What is a bad credit personal loan?

A bad credit personal loan is a personal loan designed for somebody with a bad credit history. This type of personal loan has higher interest rates than regular personal loans as well as higher fees.

Can I merge my personal loan with my home loan?

Yes, you can refinance your home loan and, in the process, merge or consolidate your personal loan and home loan. By doing so, you can lower the number of debts you have, and you may also reduce the total interest you have to pay.

However, you should consult a financial advisor or a mortgage broker to confirm that you are decreasing your total outstanding debt, including interest payments. The repayment term for a home loan can be much longer than that for a personal loan, and by merging the two, you could be repaying a higher amount over the full term.

How much can you borrow with a bad credit personal loan?

Borrowers who take out bad credit personal loans don’t just pay higher interest rates than on regular personal loans, they also get loaned less money.
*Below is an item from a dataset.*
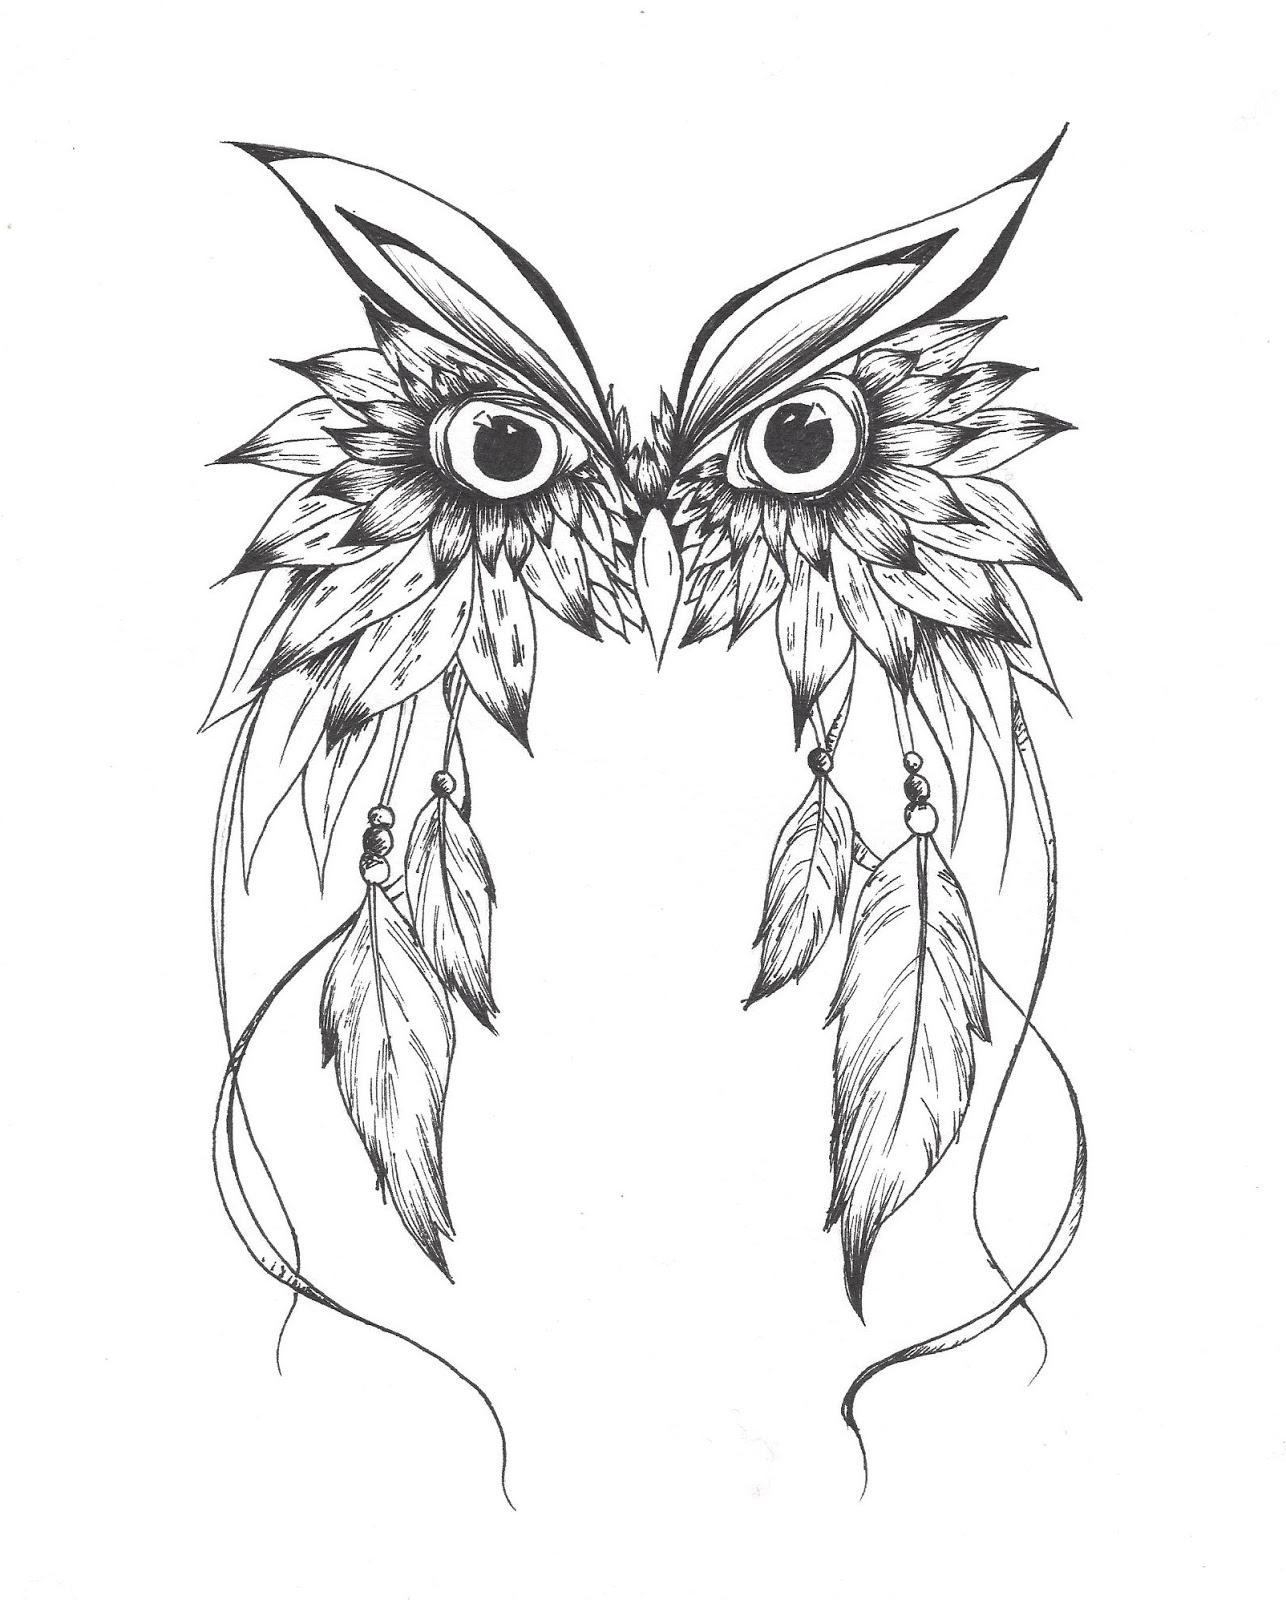 Owl dreamcatcher drawing - photo#33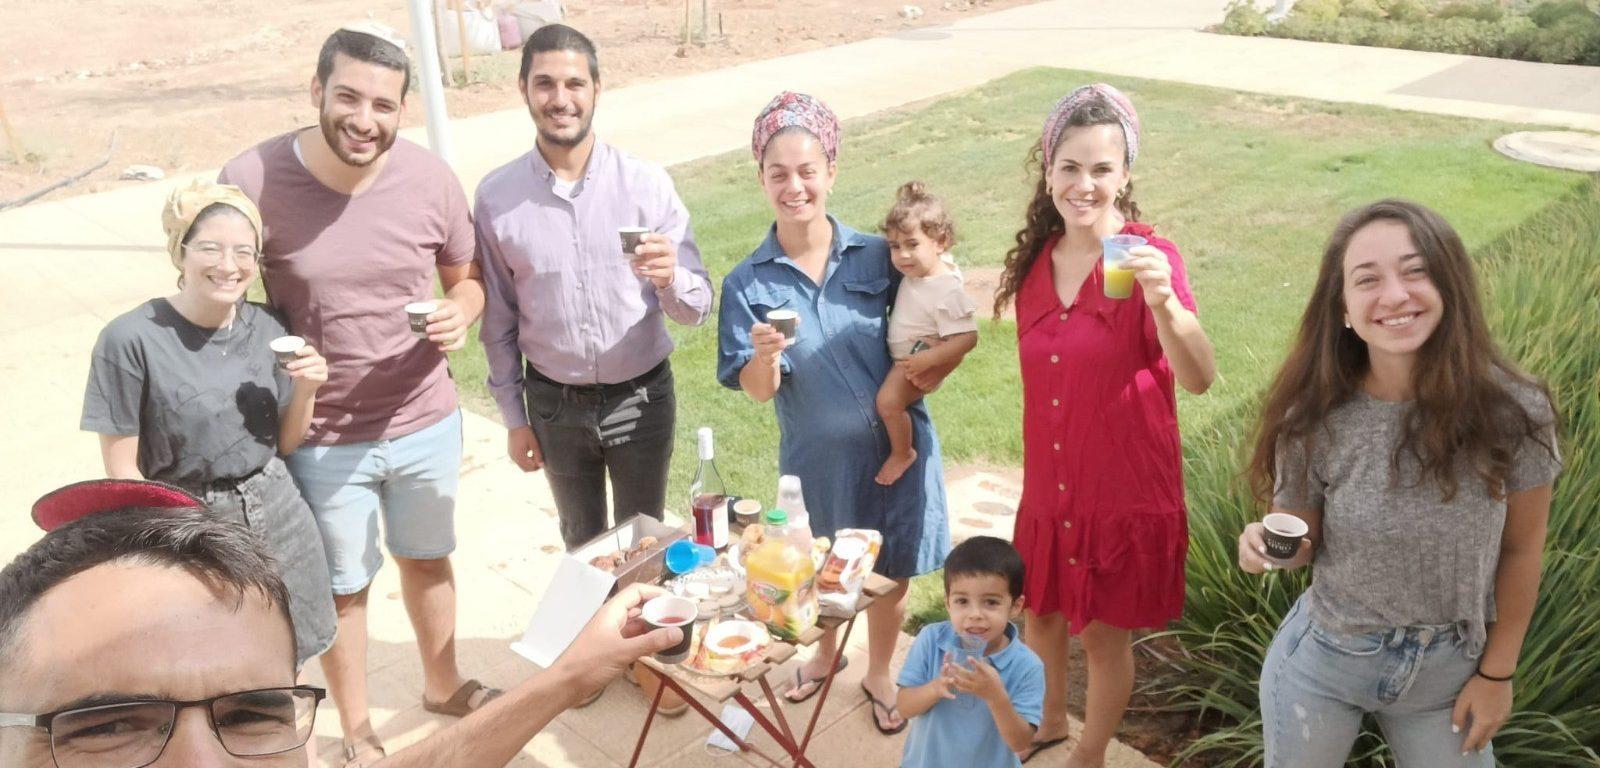 Students on the patio outside their apartment at ADI Negev Nahalat Eran סטודנטים במרפסת מחוץ לדירתם בעדי נגב נחלת ערן

Each lender has its own policies and loan limits, but you’ll find it hard to get approved for a bad credit personal loan above $50,000.

What do single parents need for a personal loan application?

Much like applying for other personal loans, applying for personal loans for single parents will likely require the following:

  • Proof of identity
  • Proof of residence
  • Proof of income
  • Details of assets (e.g. car, home)
  • Details of liabilities (e.g. credit cards, other loans)
  • Loan amount
  • Loan term

Should I get a fixed or variable personal loan?

Fixed personal loans keep your interest rate the same for the full loan term, while interest rates on variable personal loans may be raised or lowered during your loan term.

A fixed rate personal loan keeps your repayments consistent, which can help keep your budgeting consistent. You won't have to worry about higher repayments if your rates were to rise. However, on a fixed loan you’ll also potentially miss out on more affordable repayments if variable rates were to fall.